Chapter 11 requires a firm to have a restructuring plan and GM’s almost came undone last week.

The company’s bond holders rejected the firm’s first restructuring plan, walking away from an offer that would have given them a 10 per cent stake in the New GM in exchange for interest payments on the $27bn they have already sunk into the company. 

Later an ad-hoc group of bond holders agreed to accept a reworked deal that would eventually give them roughly 25 per cent of the new firm.

However, the White House says only 54 per cent of bond holders agreed to the new deal by a deadline of May 30 at 2100GMT and the rest may decide to fight for their cash through the courts, which could slow the bankruptcy proceedings down a bit.

The White House declared itself pleased with the percentage of bond holders that are board.
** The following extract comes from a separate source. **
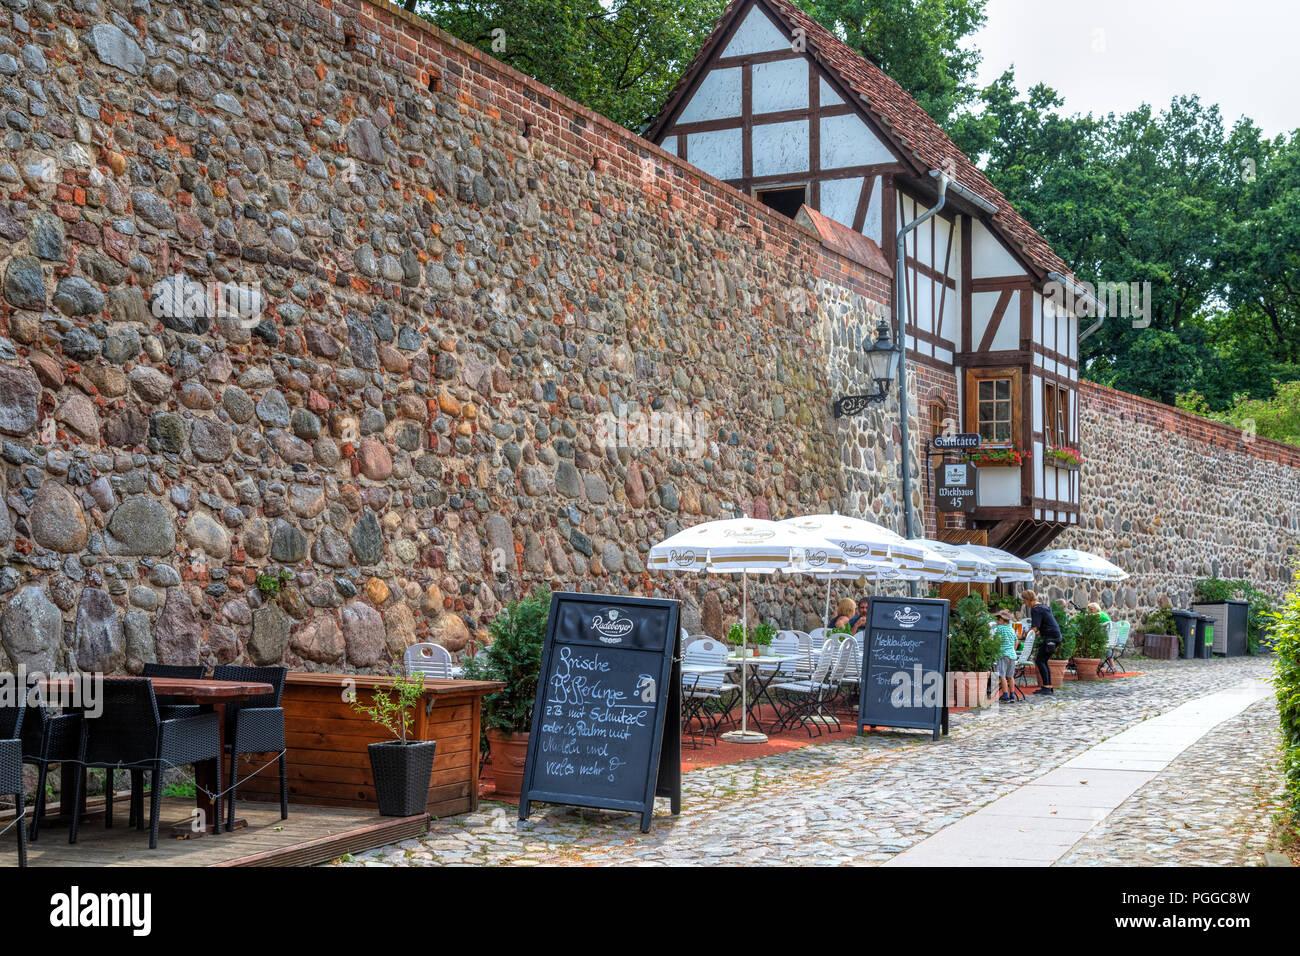 Neubrandenburg, old city, Mecklenburg-Vorpommern, Germany, Europe - Stock Image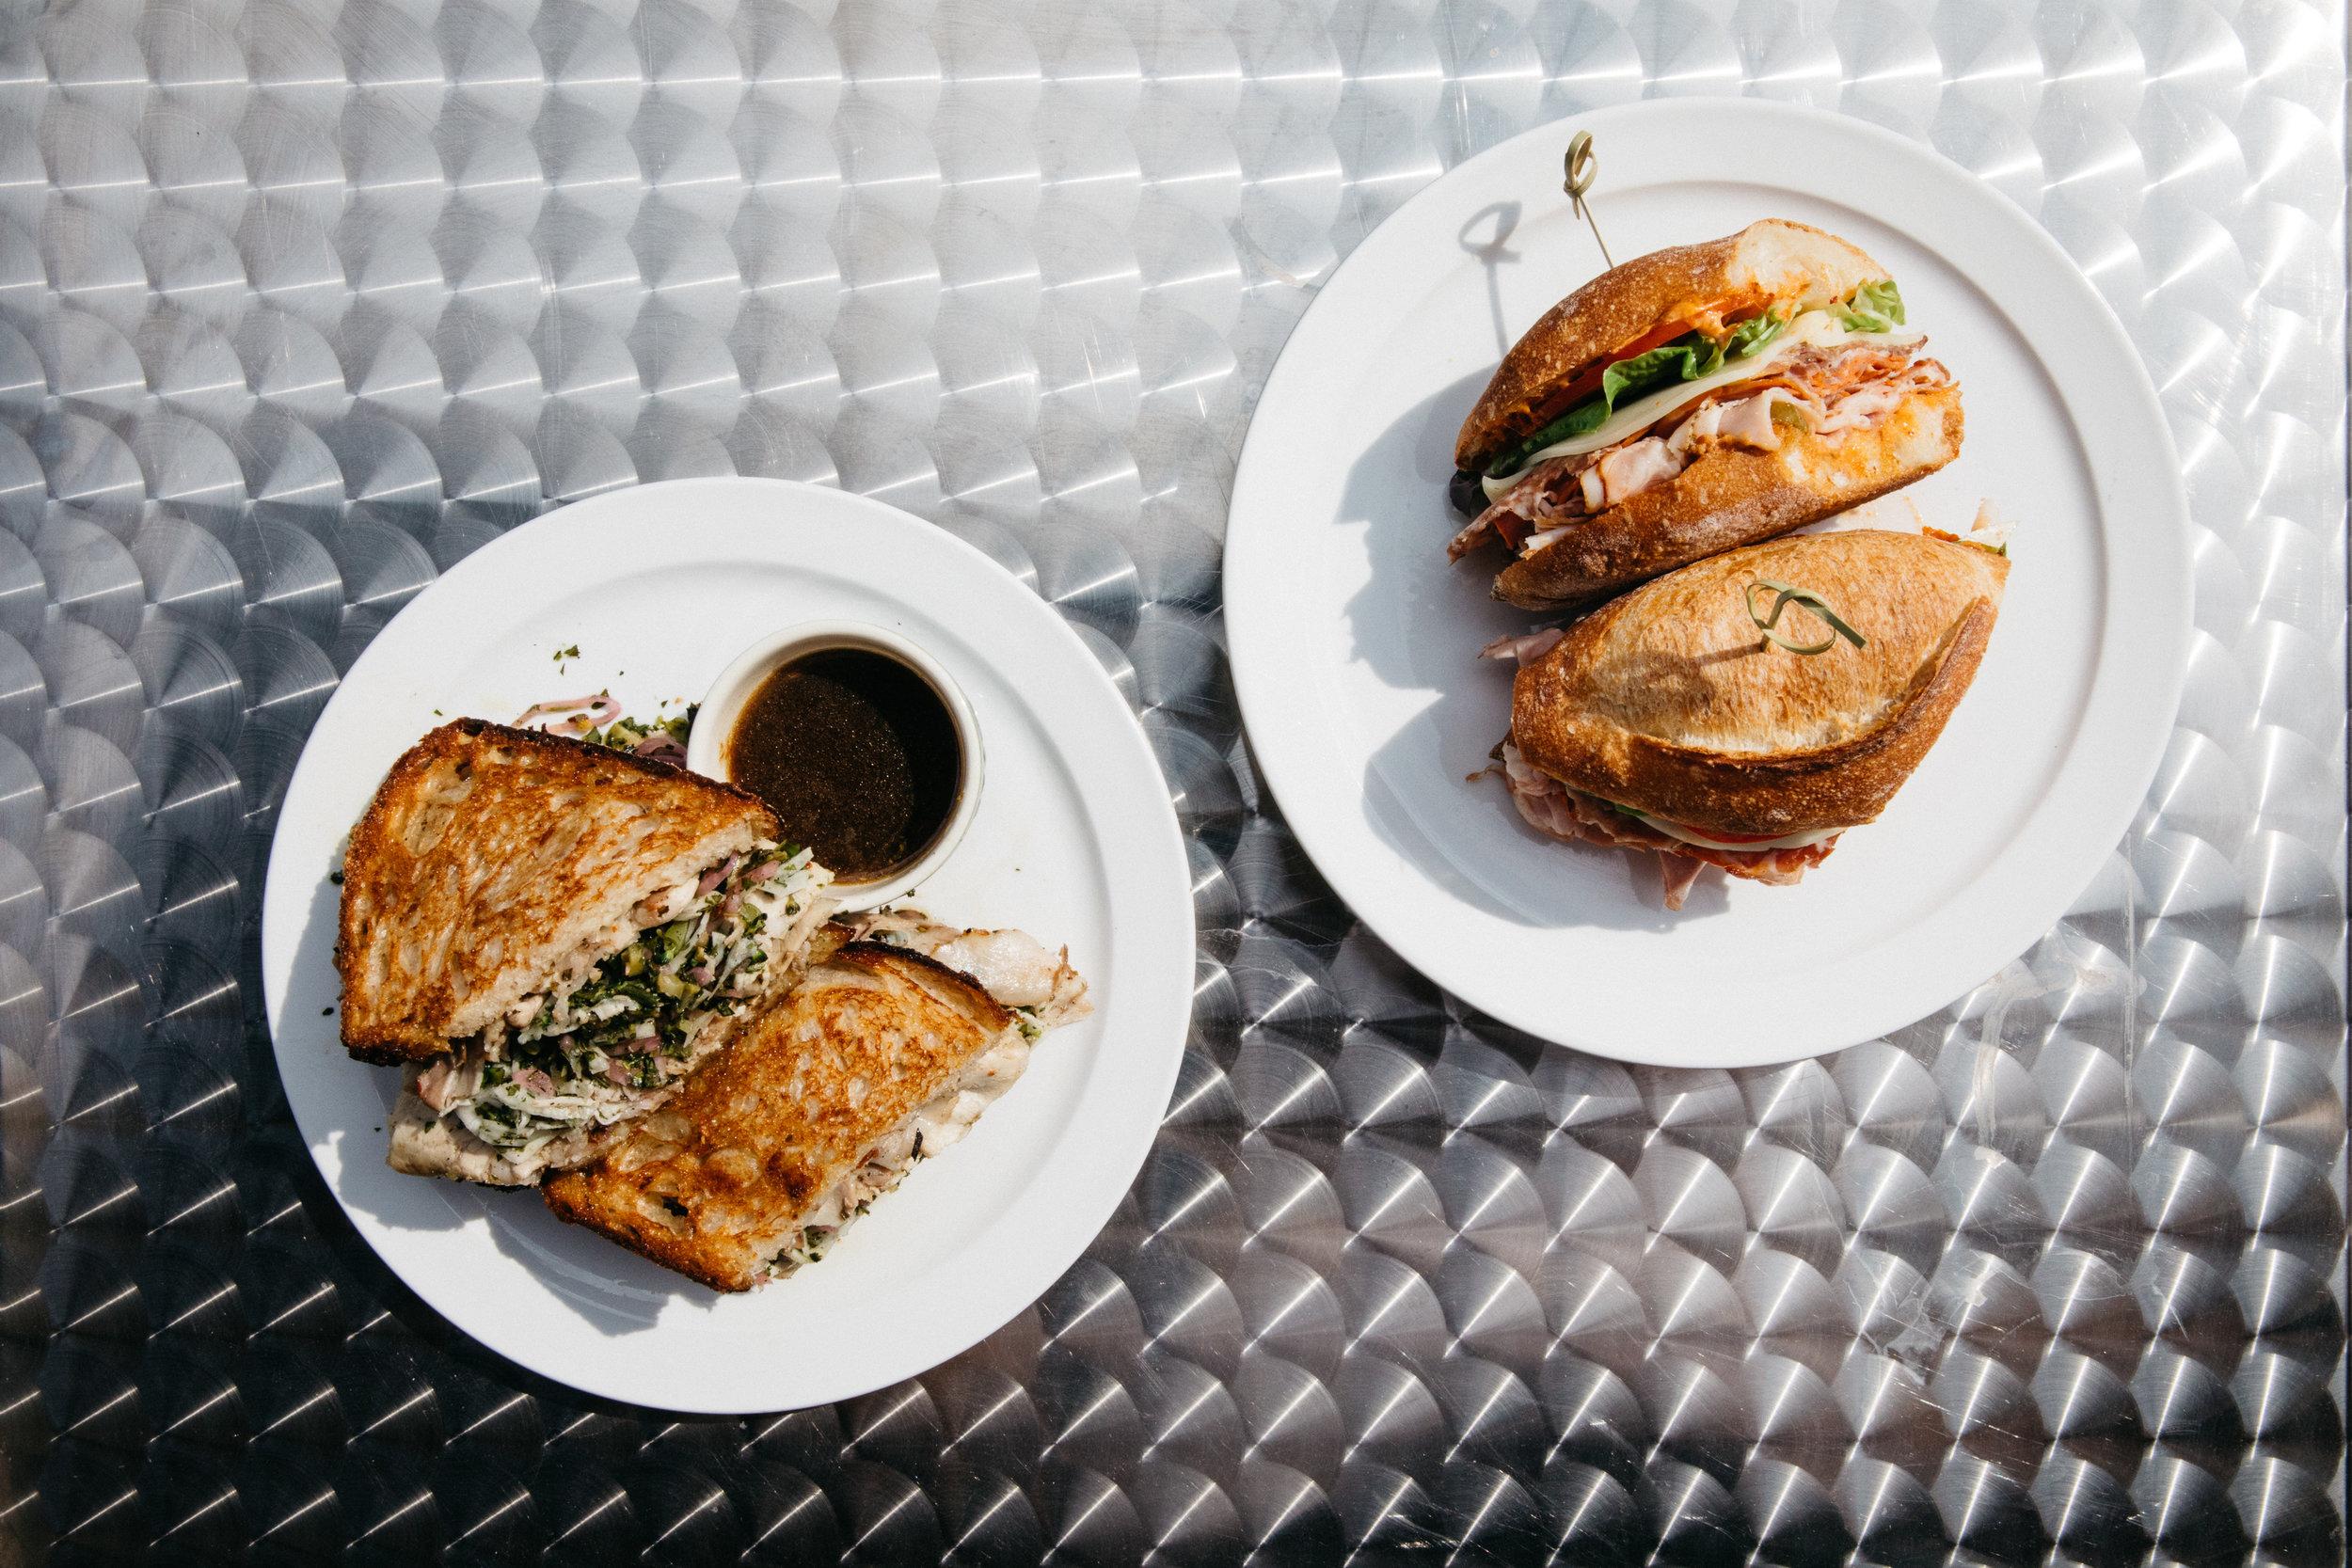 My Favorite Food Photos of 2018

All creditors will have their say when the bankruptcy court convenes a special committee to look into all aspects of GM’s debt probably by the end of the month.

Role model

Of course GM is not the only US car firm in bankruptcy protection right now. Its rival Chrsyler, the third-largest US vehicle maker, is also being run by a judge.

Cynics would tell you that Chrysler’s bankruptcy filing was designed to be a role model for the much larger GM filing.

It certainly looks as if things have been going pretty well for Chrysler with its sale to Fiat of Italy likely to be approved by a judge in New York on Monday.

If you think the timing of all this is a little suspicious, it almost certainly is.

One contact of mine told me, “There are powerful people at work behind the scenes to make sure all this gets done.”